BEGIN
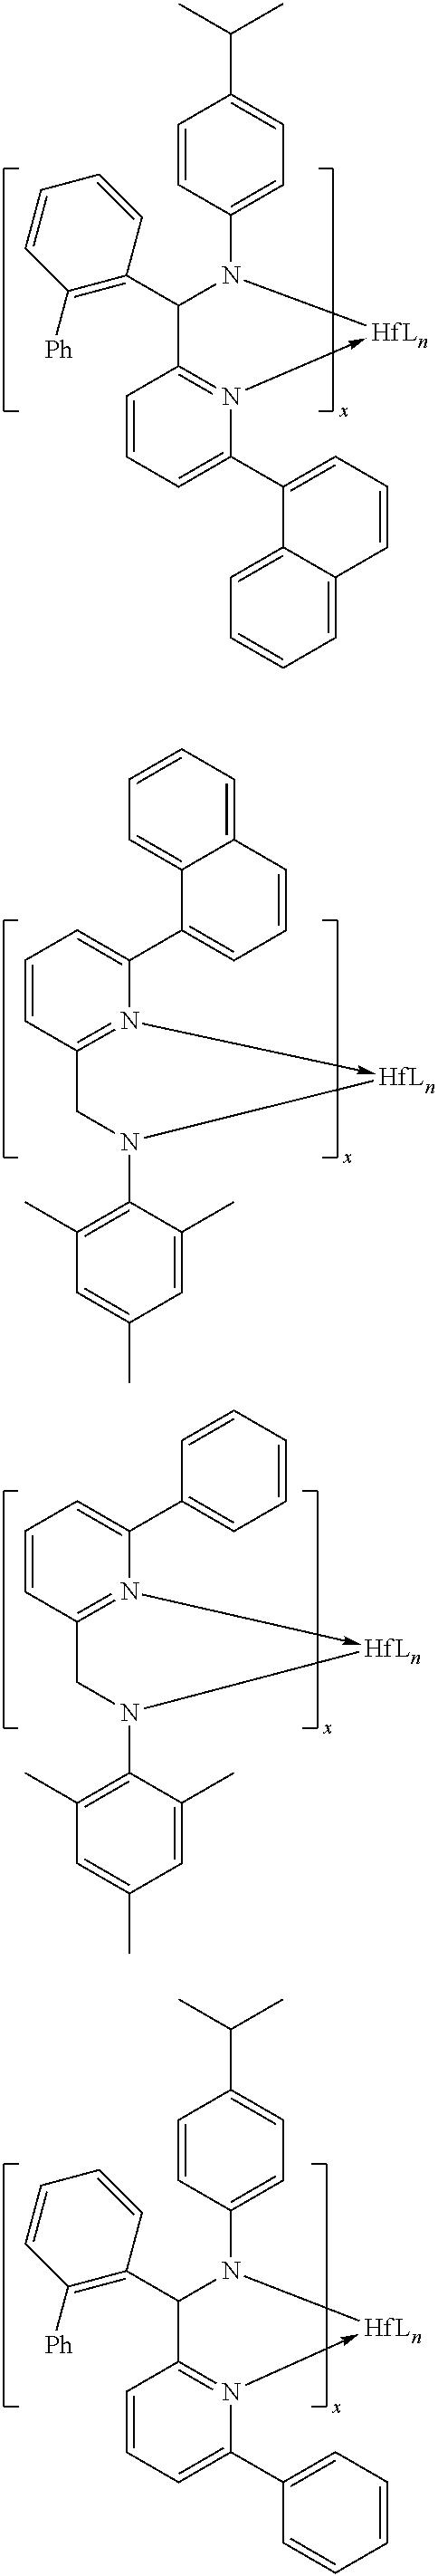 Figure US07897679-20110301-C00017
END
BEGIN
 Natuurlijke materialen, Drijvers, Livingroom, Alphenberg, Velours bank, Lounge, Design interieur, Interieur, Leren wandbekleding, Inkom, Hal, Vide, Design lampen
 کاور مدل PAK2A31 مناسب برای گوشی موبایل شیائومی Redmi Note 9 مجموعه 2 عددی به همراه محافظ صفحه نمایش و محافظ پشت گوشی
END
BEGIN
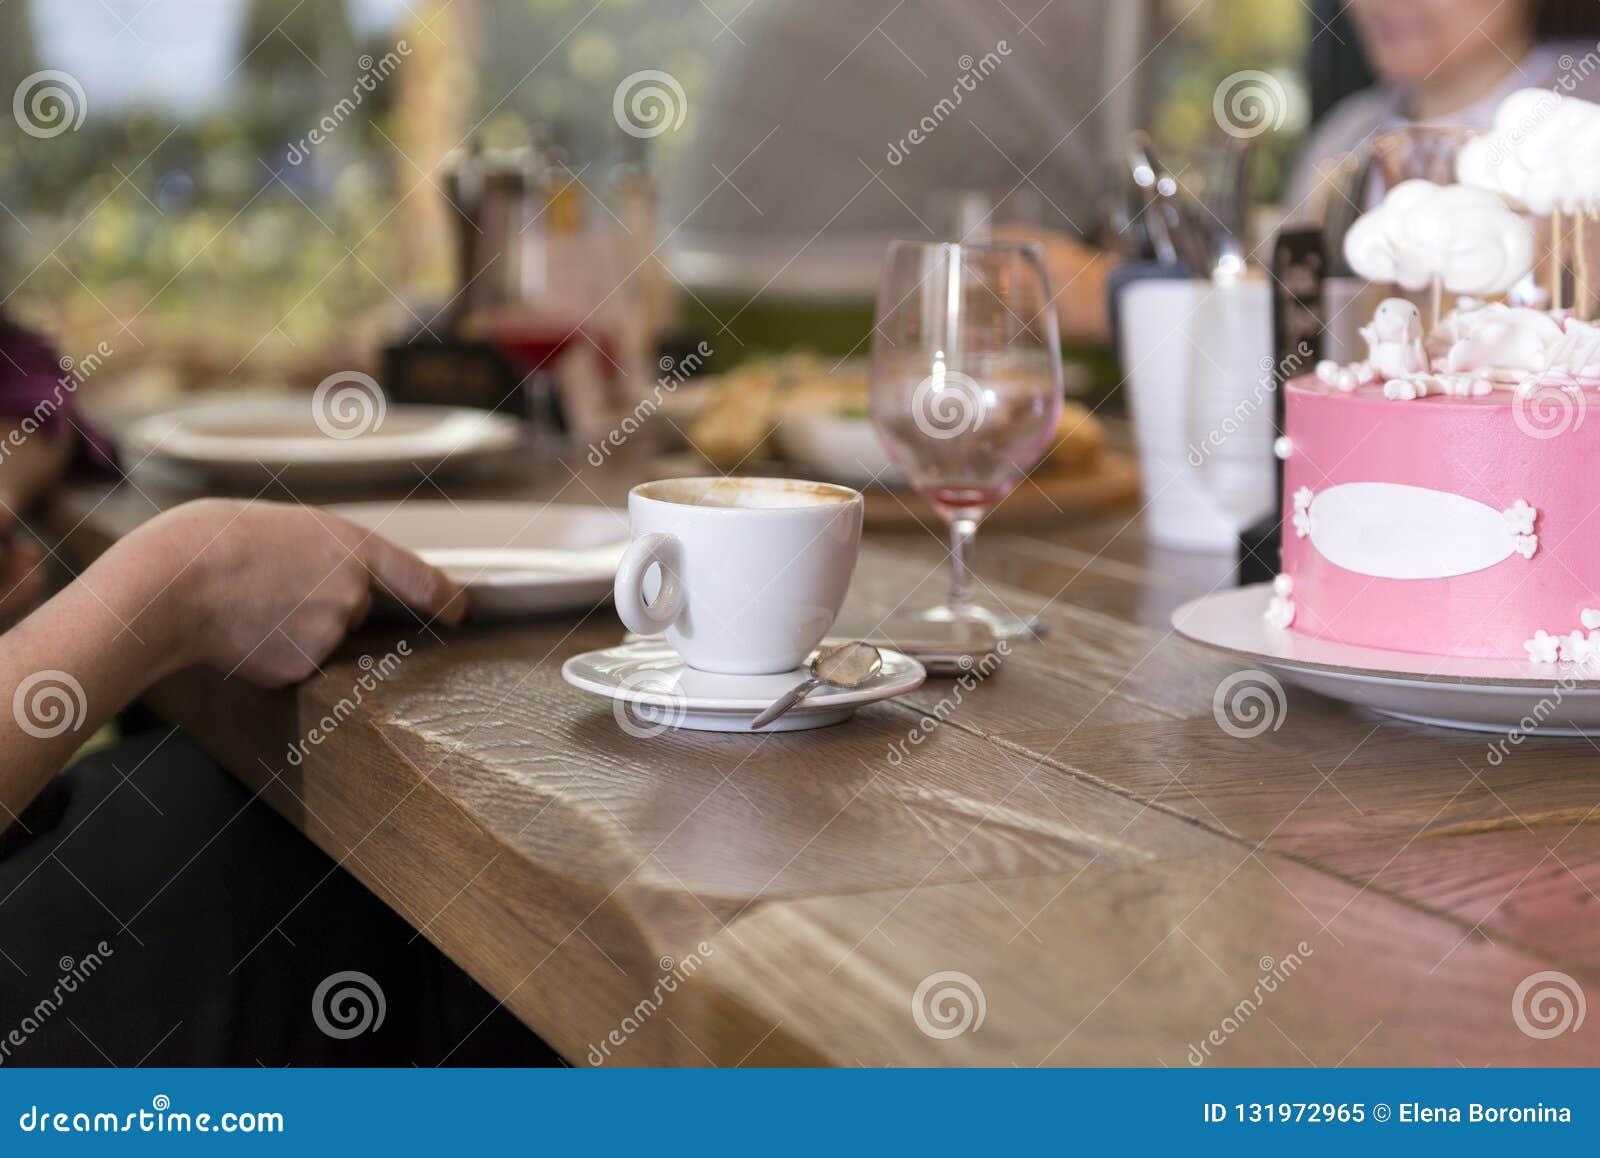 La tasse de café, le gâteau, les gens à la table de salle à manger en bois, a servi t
END
◆ Assigned task
Within the material above, transcribe exactly the lines that run from the line holding "Vide, Design lampen" through the line holding "کاور مدل PAK2A31".

◆ Response area
 Natuurlijke materialen, Drijvers, Livingroom, Alphenberg, Velours bank, Lounge, Design interieur, Interieur, Leren wandbekleding, Inkom, Hal, Vide, Design lampen
 کاور مدل PAK2A31 مناسب برای گوشی موبایل شیائومی Redmi Note 9 مجموعه 2 عددی به همراه محافظ صفحه نمایش و محافظ پشت گوشی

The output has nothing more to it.